Cees Dekker's protein sequencing paper

Cees Dekker’s group recently published progress toward nanopore protein sequencing. The work addresses one of the fundamental issues in nanopore protein sequencing, controlling the translocation speed.

Without this, peptides translocate too quickly for individual amino acids to be detected (for more context on this see the Dreampore post). As there are no established techniques for controlling peptide translocation the Dekker approach links a peptide to a DNA molecule. This allows motion control techniques established for DNA sequencing to be applied to protein sequencing.

Specifically, they us a DNA helicase to pull DNA (and the linked peptide) through an MspA nanopore:

In the paper they only use negatively charged peptides. This means the construct as a whole has a negative charge, and is pulled through the pore under the bias voltage. The Helicase works in the opposite direction, pulling the conjugate back through the pore.

From example traces, translocation seems to take ~3 seconds. The peptide is 12 amino acids, so this is ~250ms per amino acid. Eyeballing the traces, I suspect we’re seeing roughly 10pA between the highest and lowest current blockages (it’s not obvious because they’re using scaled units):

They have looked at various peptides showing single amino acid differences. From the consensus trace you can see that, as in nanopore DNA sequencing, single amino acid change effects multiple positions:

Conservatively, the single amino acid change contributes to differences in at least 3 steps of the trace. When building out a complete platform we can expect >8000 different current levels, over what we assume will be a 10pA range, ~0.001pA (1fA) between states. This is similar to what we saw with Dreampore.

The advantage here, is that the translocation is far slower. Sampling (or averaging to) 10Hz might be enough to get you near the femtoamp resolution you need differentiate between states. So, by using a HMM (or a ML approach) to use information from adjacent states it feels like you might be in the right ballpark.

Dekker’s team also have a method that allows each peptide to be observed multiple times. Mostly this is likely to help resolve missing/duplicated states, but it may also help with resolving state levels.
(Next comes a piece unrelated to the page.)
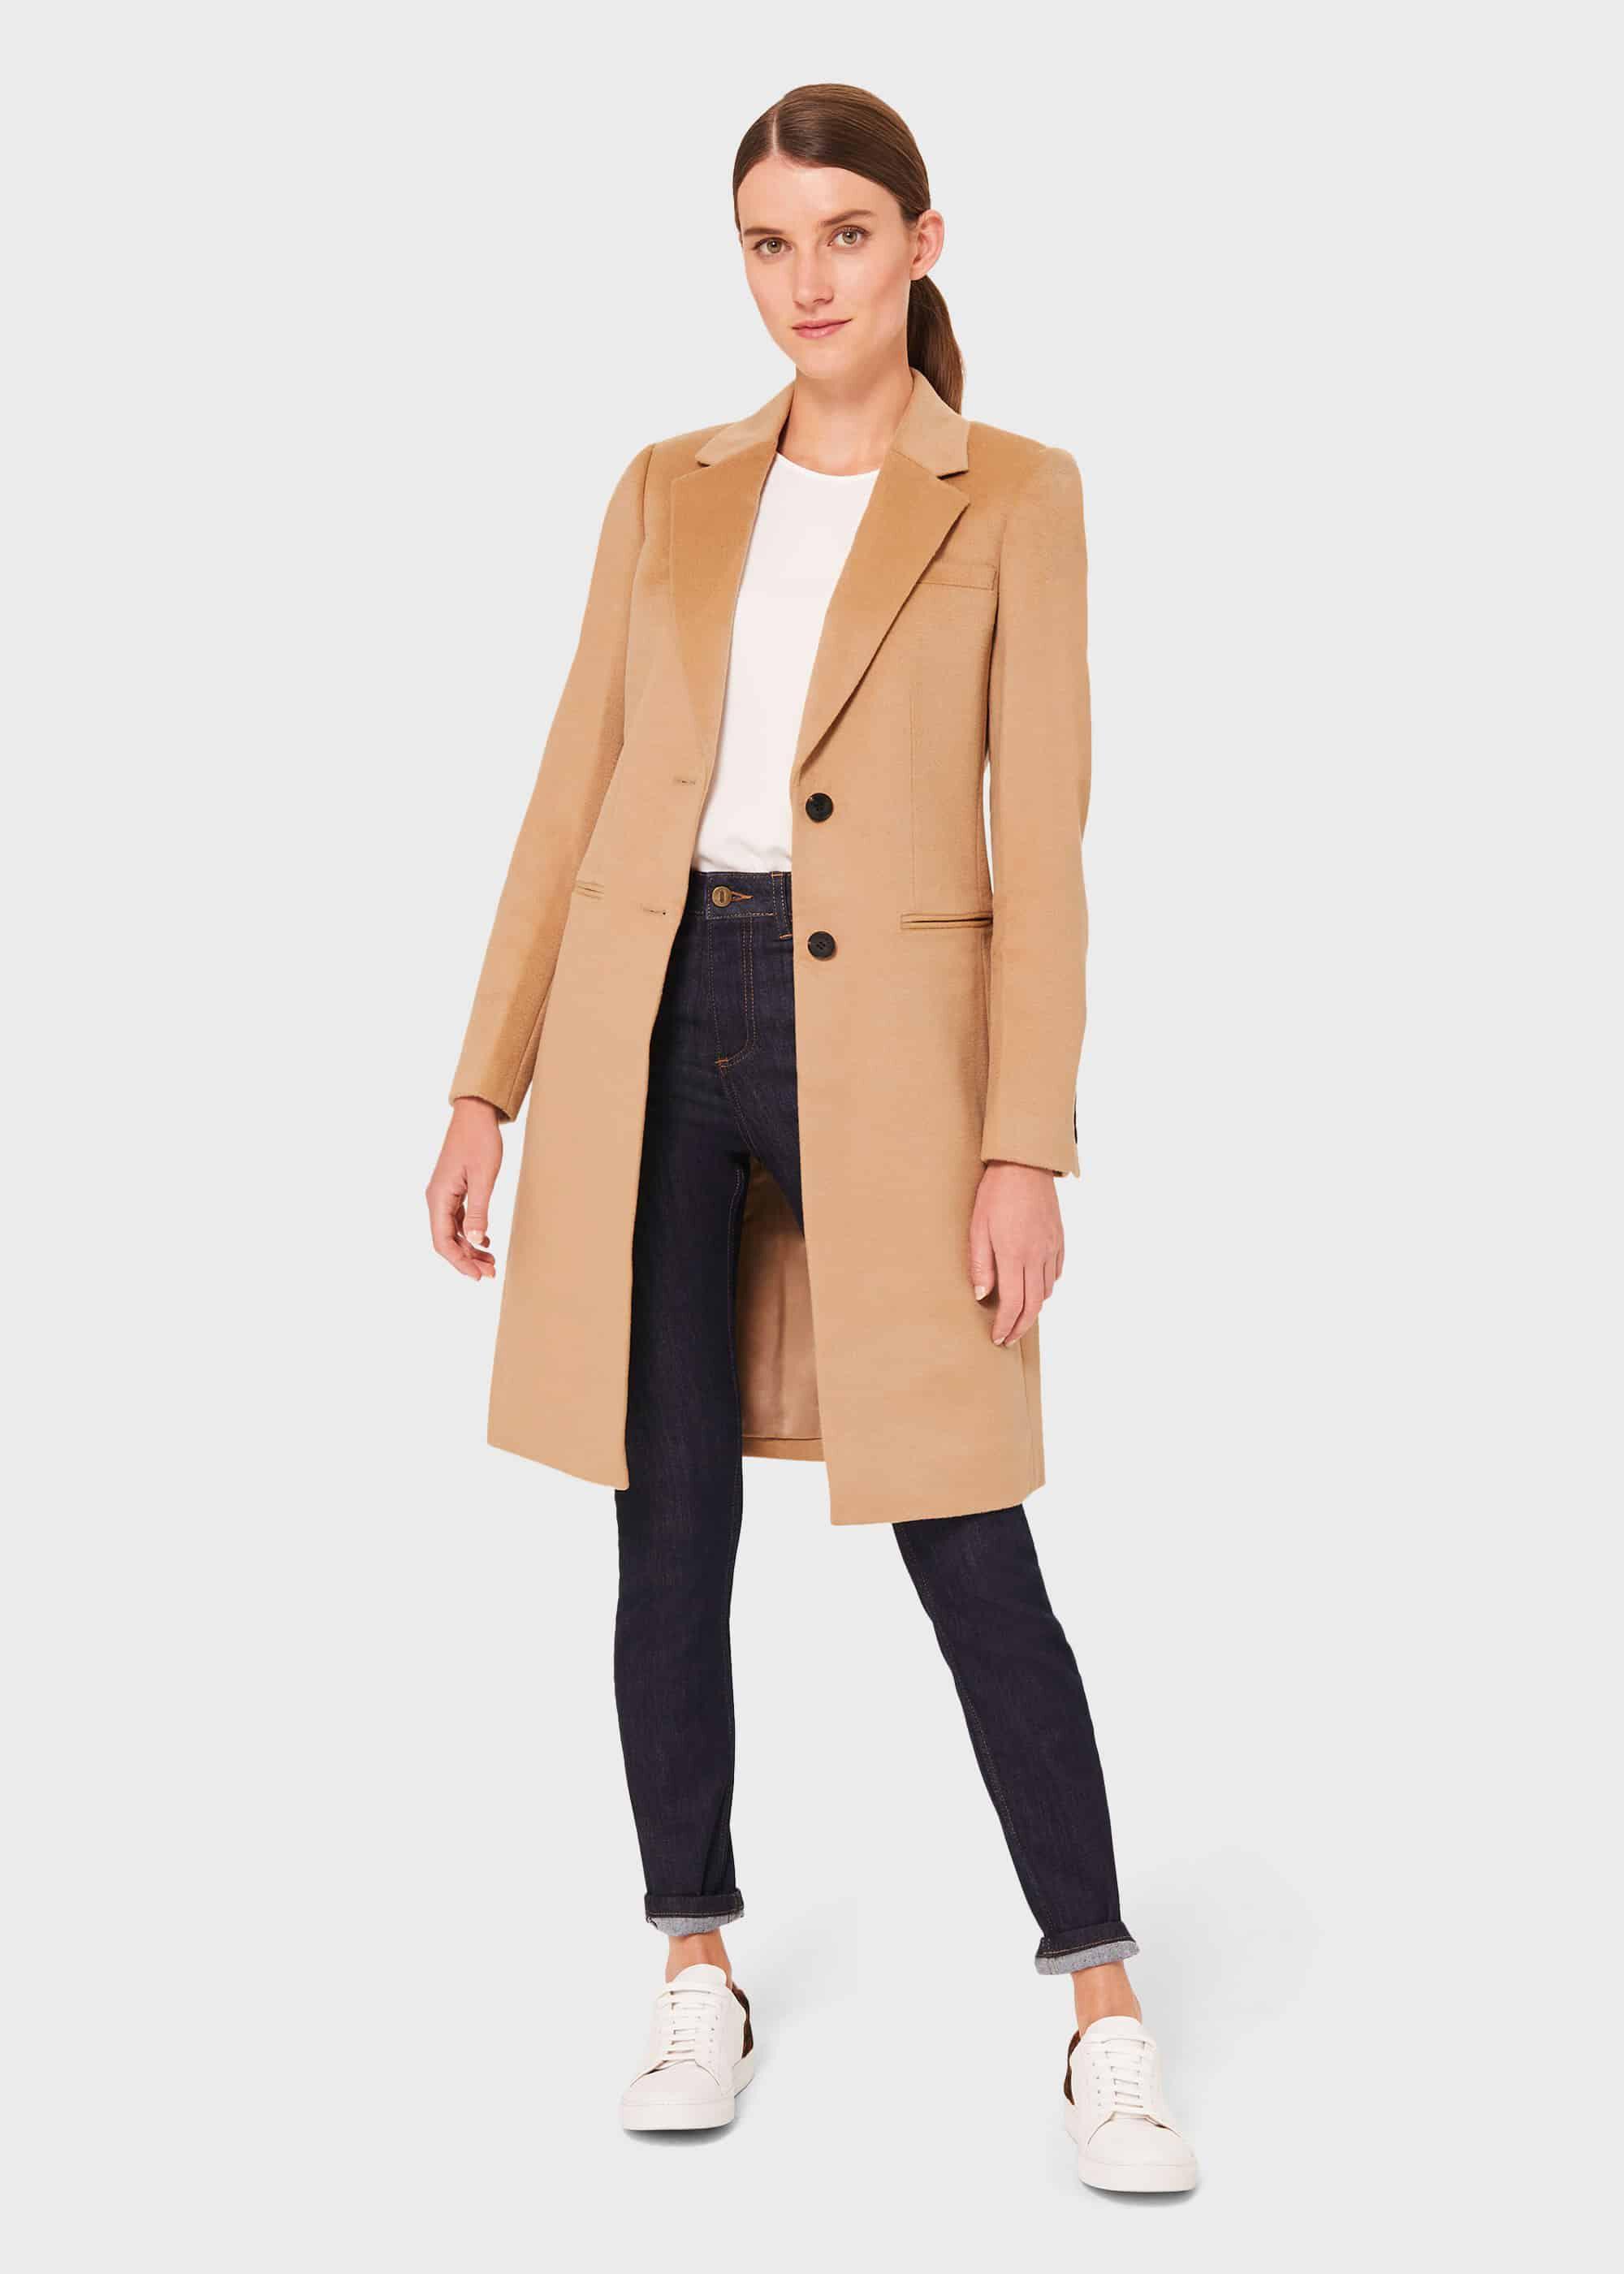 Ladies Long Wool Coats Uk, Womens Black Wool Coats Uk

In terms of throughput, if we imagine running this on a Minion we’d be looking at a sequencing speed of ~128 AAs a second (512 pores, always active).

Assuming we want a depth of 10 billion proteins (as suggested by Nautilus and others) and that we need 12mers to give a reasonable protein alignment/signal. Running the numbers suggests we’d be looking at ~180 days to sequence to this depth.

Beyond potential throughput issues it’s not clear what will happen when you look at positively charged amino acids, this feels like it could be pretty problematic.

A further complication is that the paper uses “the mutant nanopore M2 MspA” this is likely covered by US8673550B2 which Illumina appears to have exclusive rights to.

Overall there’s clearly a lot to be done in order to build a working protein nanopore protein sequencing platform. But this is a fairly promising development.